Deutsche Bank’s plans are in contrast to the strategy of JPMorgan Chase, which last week told most senior employees of the sales and trading operation to return to the office by next week.

UBS Group AG told some senior employees in sales and trading that they wouldn’t follow JPM’s lead.

--BlackRock CEO Larry Fink said the asset management giant’s employees may never be 100% back in the office as work from home stretches.

“I don’t believe BlackRock will be ever 100% back in office,” Fink said in remarks at the Morningstar Investment Conference, according to reports.

Fink described the realization that people can work from home as “one of the great humanistic discoveries” after companies were forced to send employees home to battle the spread.

--Citigroup Inc. resumed job cuts this week, affecting less than 1% of the global workforce, the bank said in a statement.  With recent hiring, overall headcount probably won’t show any drops, Citi said.

The reductions come as Citigroup is facing a likely revenue drop and another increase to loan-loss reserves this quarter as the pandemic drags on, as well as years of expenses to improve risk controls.  The Office of the Comptroller of the Currency and the Federal Reserve are weighing public reprimands of the firm because of continued deficiencies in its infrastructure and control functions.

Banks have resumed job cuts in recent weeks after pledging, en masse, to pause such actions earlier this year.

As for Citigroup’s regulatory issues, they clearly accelerated the timing of CEO Michael Corbat’s announcement that he would be stepping down early next year, as he sought fresh leadership ahead of announcing what could be a years-long remediation process to satisfy regulators.

--Raymond James Financial Inc. said on Tuesday it was cutting 500 jobs, or 4% of its workforce, in order to control costs during the pandemic.

CEO Paul Reilly, in an email to employees, said, “This has been a year like no other.

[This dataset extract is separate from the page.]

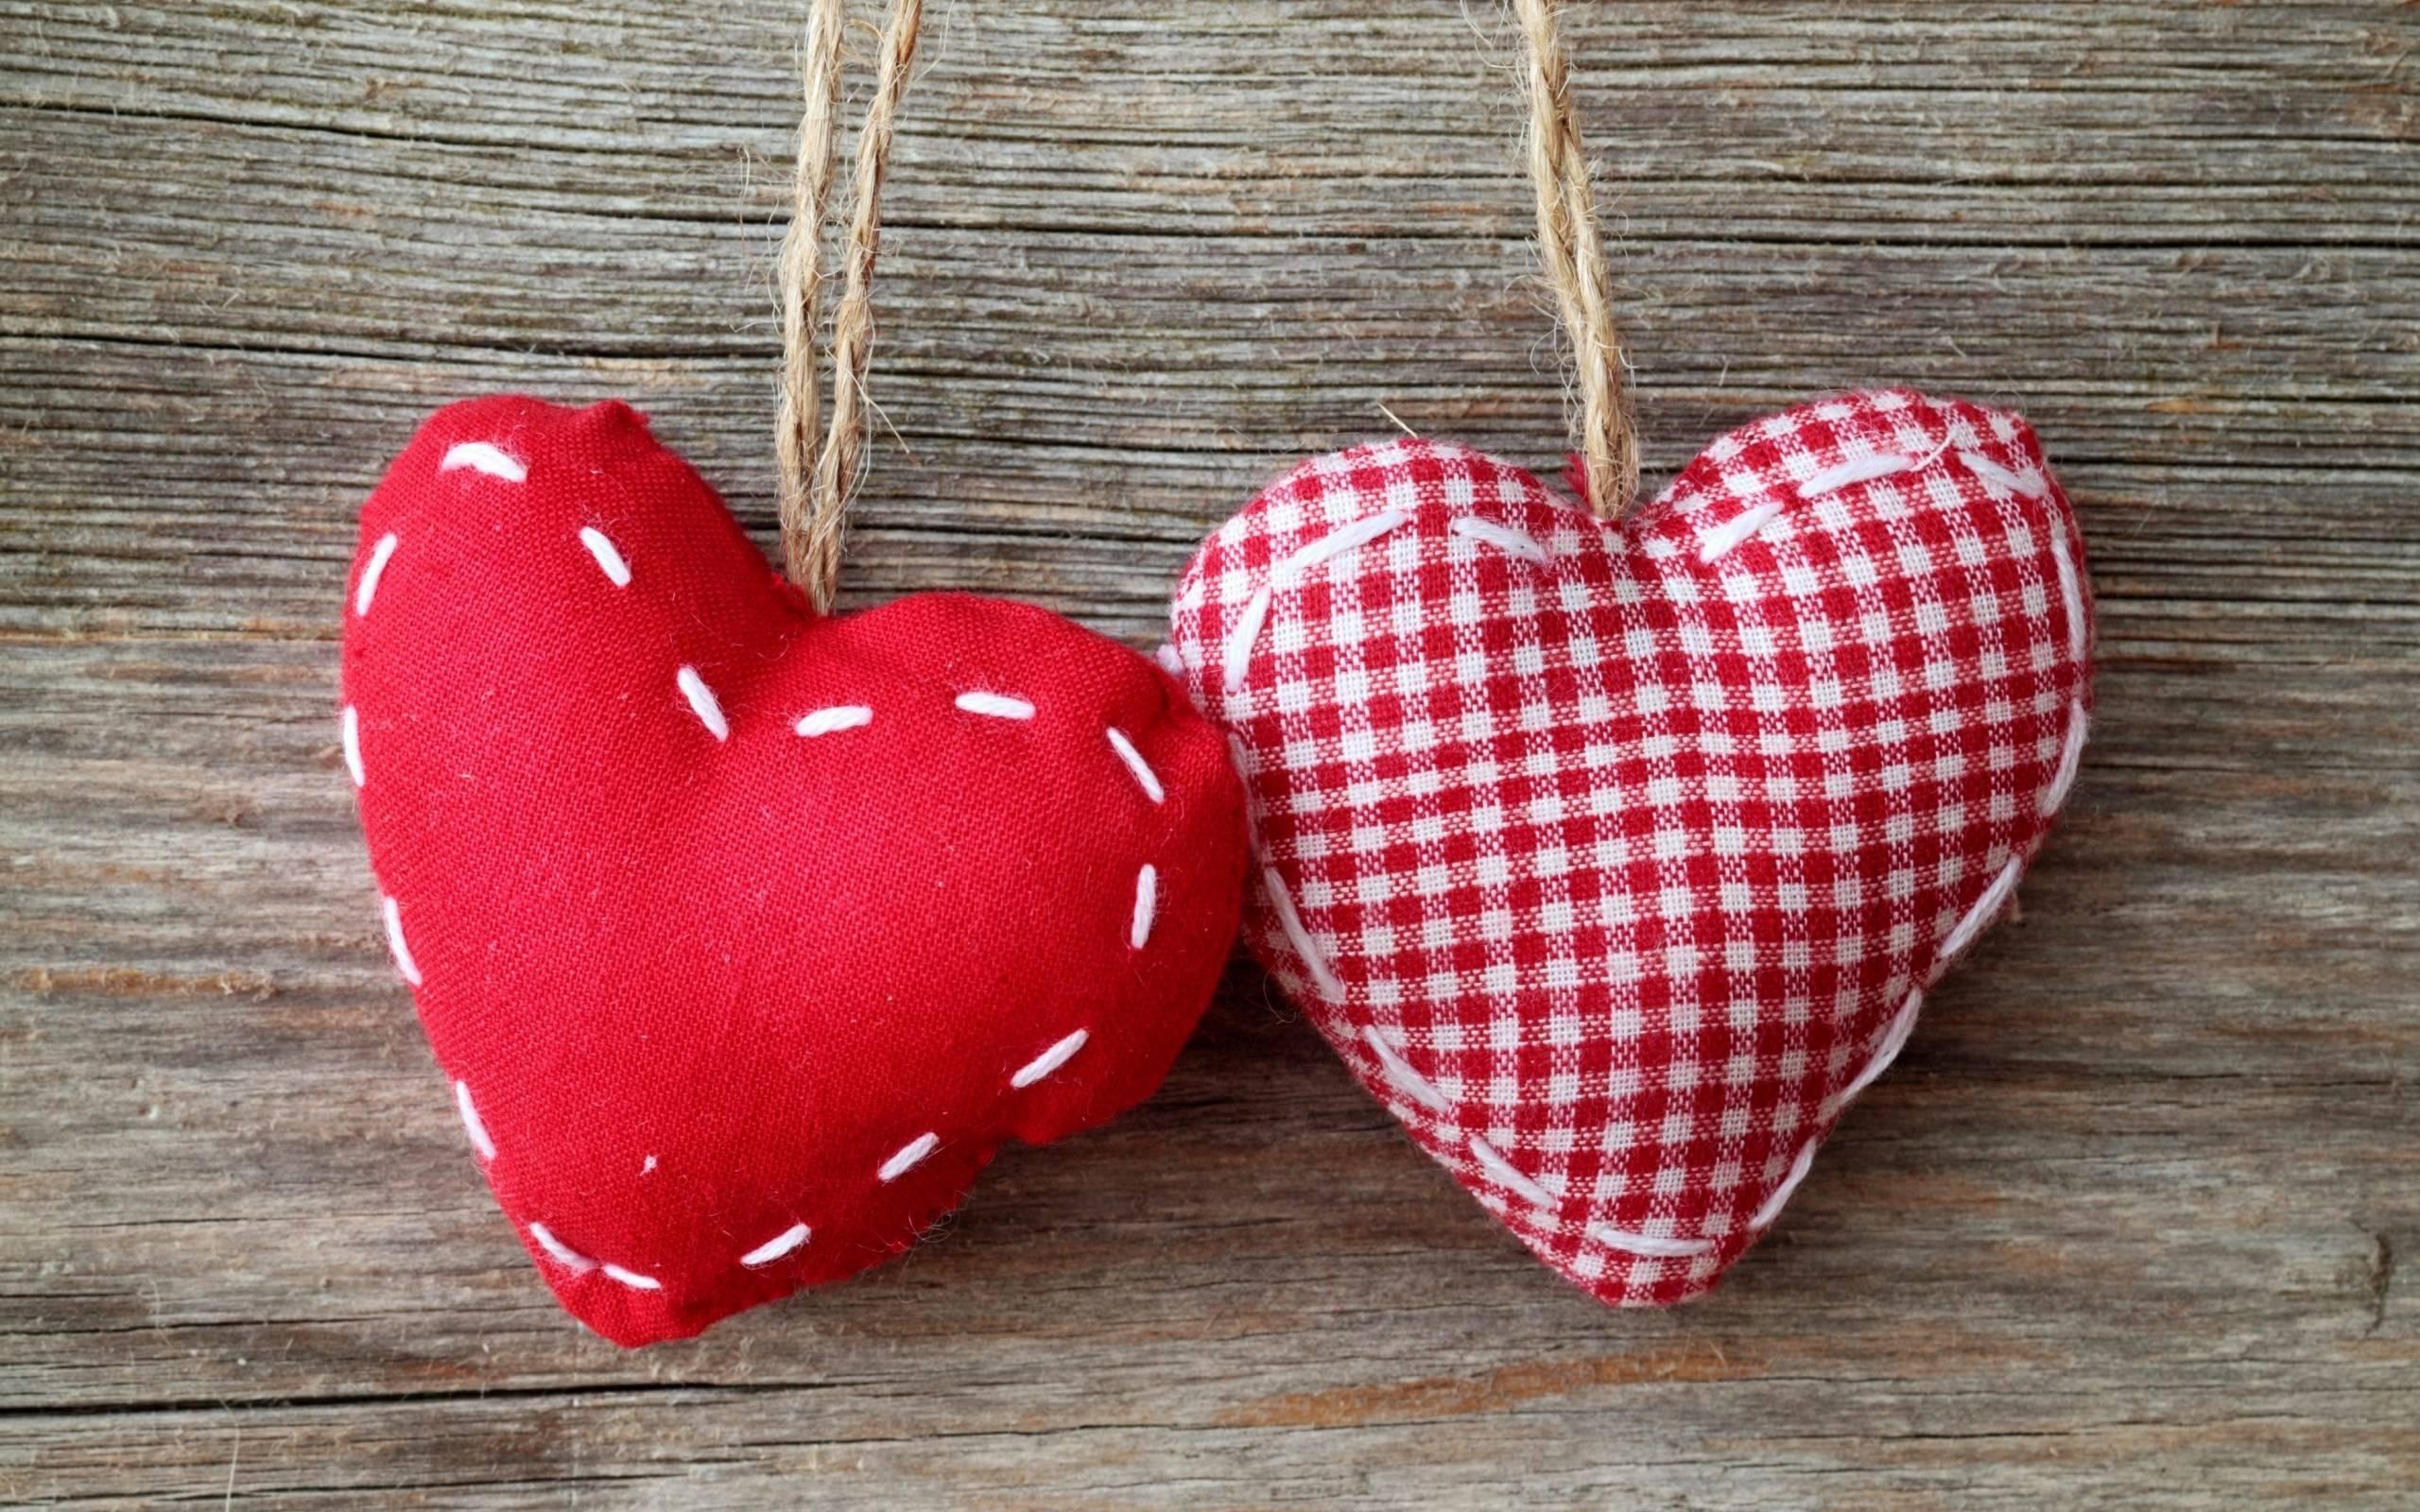 Hearts Love HD Wallpaper - FreeHDWalls

A year when we’ve all had to make decisions, decisions where none of the available options are the ones we would usually choose.”

He added that senior executives, including himself, would see pay cuts and that the company did not intend for another round of job cuts.

Raymond James was one of my favorites to work with back in the day.  Good people.

--Nikola Corp. tried to defend itself against last week’s claim the electric-truck maker had deceived investors, accusing a short seller of mischaracterizations and distortions.

Hindenburg Research, the short seller whose report sent Nikola shares tumbling last week, made false and misleading statements that were designed to manipulate the market, Nikola said Monday.

But after a chaotic day of trading Monday, Bloomberg reported securities regulators are examining the merits of the short seller’s claims.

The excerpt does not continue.